Just Ask
I would love to say that I learned some great life lessons because of my parents, and I did many times over, but this lesson was on I had to learn on my own at a much older age than I would like to admit. When I was young child I was often inquisitive and considerably shy, these qualities can at times be counter intuitive. My mother teases sometimes, in the same endearing fashion that a mother would bring out naked baby pictures to show people, that she thought I was mentally handicapped because I would watch other kids my age and not talk. It was soon discovered that when I did start speaking people could not get me to stop, which is endearing in its own right. But you can’t warm up to everyone all the time and often I found myself fixed at a point in time where my shyness took grip and made me somehow fearful or reluctant to talk to someone. I have a suspicion that most children go through something similar where they have to be told to shake the fear and ask someone to do something, like asking the stranger if it is ok to pet the dog they have or asking for the autograph of the person they like. For me it often came when I wanted something and was too afraid to ask.
I remember trying to get my parents to ask the question I had and being told to go ask it myself. I would try to work up the courage to ask but if I could find the information by an alternative means that is where I was looking. “Just ask them,” I remember hearing my father say as if he could not understand what my reluctance was. I thought at the time he was fearless as he would strike up conversation with anyone, to this day he will talk with anyone, a trait I feel is in short supply more often than not.
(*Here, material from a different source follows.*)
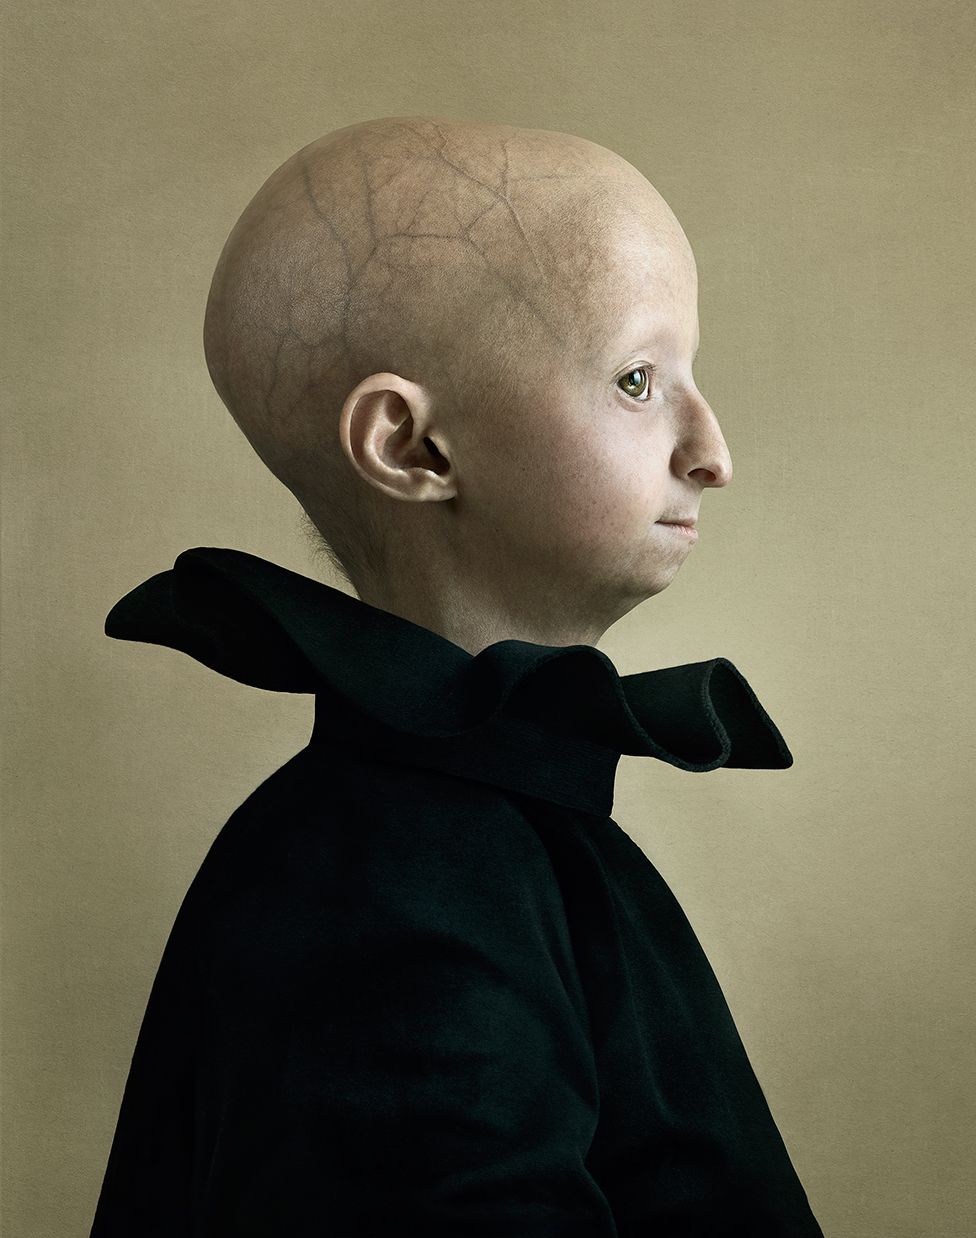 A child with progeria, a rare medical condition, poses for a portrait

Ultimately one day I came to a sudden and abrupt realization, perhaps someone told it to me and that could be the case, but I like to think I did this part on my own. I examined the unprovoked fear that I had in asking questions and pushed through it finding it baseless. I realized that the worse thing anyone can say to you is no if you ask for something. The worst thing that anyone could provide you if you ask about something was to give you nothing. Perhaps all the prompting and encouragement to ask questions from my parents is what made me realize this, or perhaps it was an older child in another family who told me those words verbatim, or perhaps we will never know. I used to be so afraid of getting a ‘No,’ as if it would harm me in some way physically. The day I shed that baseless fear was the day that I started asking questions, and I never stopped.
There is elegance to the simplicity of some questions, and in the same sense a beauty to the complexity of others. My new found fearless approach expanded well beyond the simple yes or no questions. I found out more about the world and people than ever before. I found out that a question can be powerful in its ability to gather information or uncover opportunities. The right question can send your life unexpectedly off its current course hurtling through space and time toward an alternate destiny. The ability we have to question the universe coalesces in our pursuit of all things and is mirrored in in the scope of our advances as a species. Questions are the basis of science, relationships, philosophy, knowledge, and so much more. To question, I found, is to participate in life itself.
A question to clarify rendered me the name of a new friend, a question to define gave me facts to understand, and a question of the heart brought me many truths of this world. I discovered that all of these questions weave together like endless threads in the tapestry of understanding, further developing mine in all regards. To ask a question was to allow myself the possibilities I otherwise would not have. In the pursuit of answers or information I grew, in finding the answers I learned. Questions shape the way we see the world and give us perspective as to how we fit within it. If life has gifted me any wisdom it is to never be afraid to ask a question, and if asked a question return the favor and always embrace the opportunity to provide someone else with an answer of your own design.